But Mohammed’s father refused to believe the army’s version of events.
“The closest he ever got to resisting [against Israel] was by attending the Great March of Return protests a few times,” Hani said of his son. “He never held a gun, he didn’t participate in any military groups and I’m sure he didn’t know how to make a grenade.
“If the boys crossed the border, I bet they did it for entertainment only and were unaware of what the consequences could be. The Israelis are lying.”
The news of the three teenagers’ deaths has hit their families hard.
“Mohammed was a very quiet boy who wanted to study agricultural engineering at university next year so he could look after the lands we own,” Hani said. “But now Israel killed him and his dream.”
Mohammed’s younger brother, 16-year-old Hamza, vowed to take up his brother’s academic goals as his own.
Salem’s father, Zuweid al-Naami, said that he felt lost. The Naami family lives in a Bedouin village and Salem, the eldest of six children, used to help him herd sheep.
“Salem helped our neighbours, those who are very poor.
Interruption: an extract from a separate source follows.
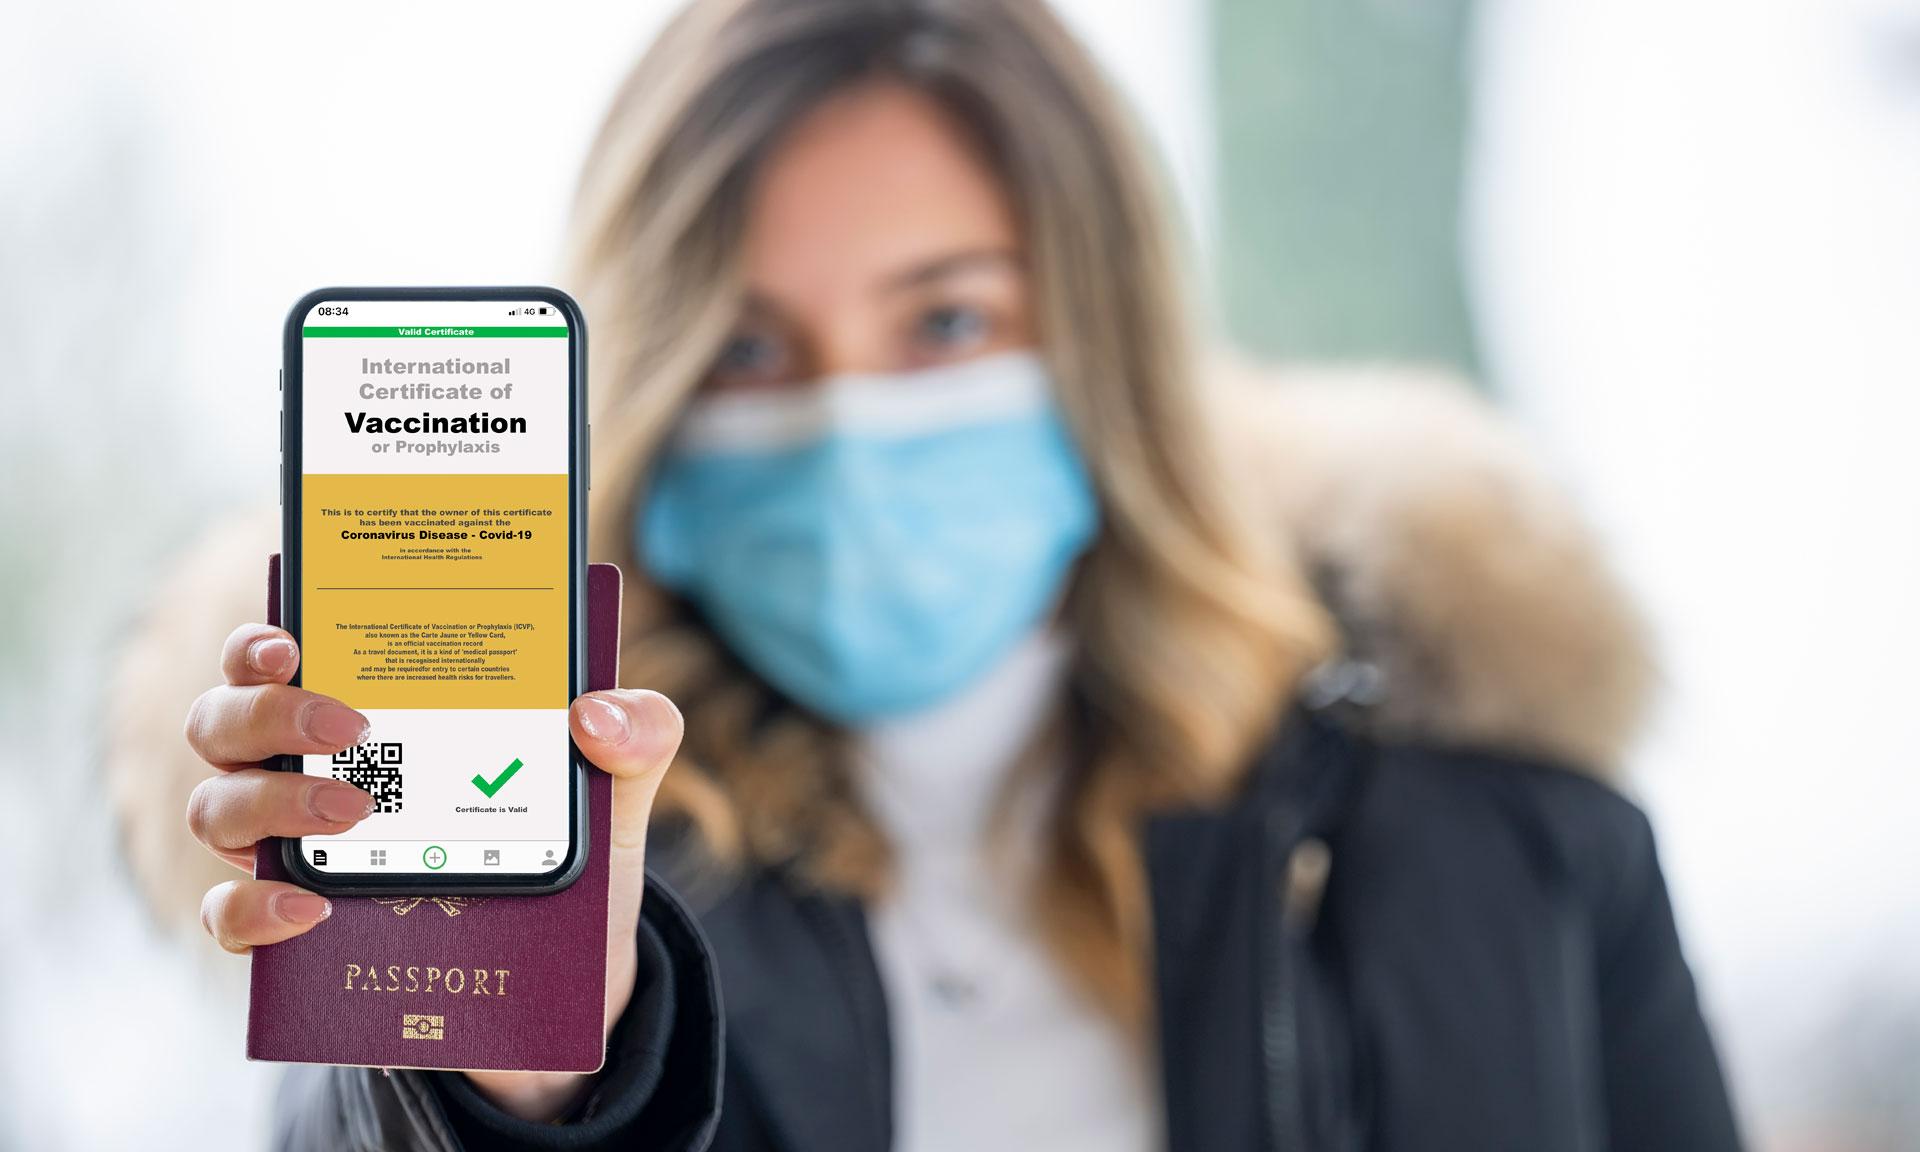 """Διαβατήριο εμβολιασμού: Τι είναι η """"πράσινη κάρτα"""" ταξιδίου και 7 καίριες ερωτήσεις/απαντήσεις..."""

He brought them some food from our land,” Zuweid told MEE. “He had a very kind heart.”
He denied that his son would have carried out an attack.
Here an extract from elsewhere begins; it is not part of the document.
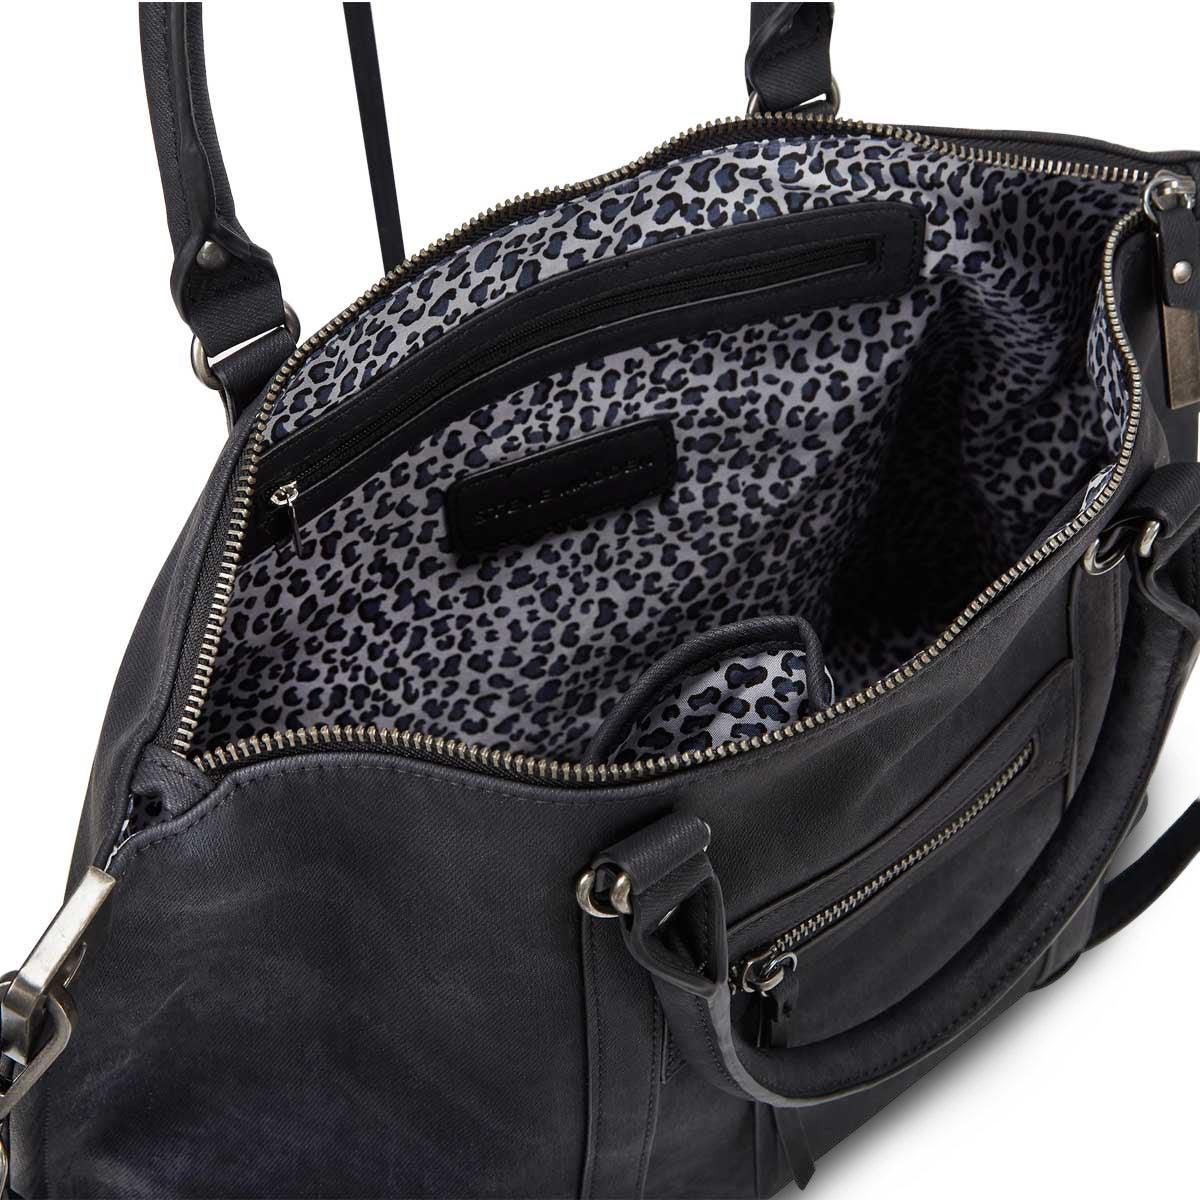 Lds BLaurel black covertible hobo bag

“My son never participated in any military activities,” Zuweid said. “If he crossed through the fence, why couldn’t have Israel warned him to go back instead of killing him? This is Israel’s way.
“We don’t even know for sure if my son is dead,” he added. “All we know is that Israel published their ID photos and names. We don’t have their bodies.”
Palestinian high school students demonstrate, calling for the return of their three classmates’ bodies (MEE/Waleed Mosleh)
The family of Mahmoud, the third boy killed, remained in a state of shock, telling MEE they refused to accept that their son was dead until they saw his body.
On Thursday, hundreds of the boys’ schoolmates protested in the Maghazi refugee camp, demanding accountability for their deaths.
The boys’ bodies have not been returned, and neither the International Committee of the Red Cross nor Gaza’s Al-Mezan Centre for Human Rights has been able to secure any further information.
But Mervat Nahala, an attorney at Al-Mezan, told MEE she thought the wait would be long, based on past experience.
Israeli Defence Minister Naftali Bennett called in December for the bodies of Palestinians killed while allegedly carrying out attacks against Israelis to be held by Israeli authorities. That practice has been slammed by human rights groups as amounting to collective punishment and inflicting undue further grief on families – especially as, in many cases, Muslim custom calls for prompt burial.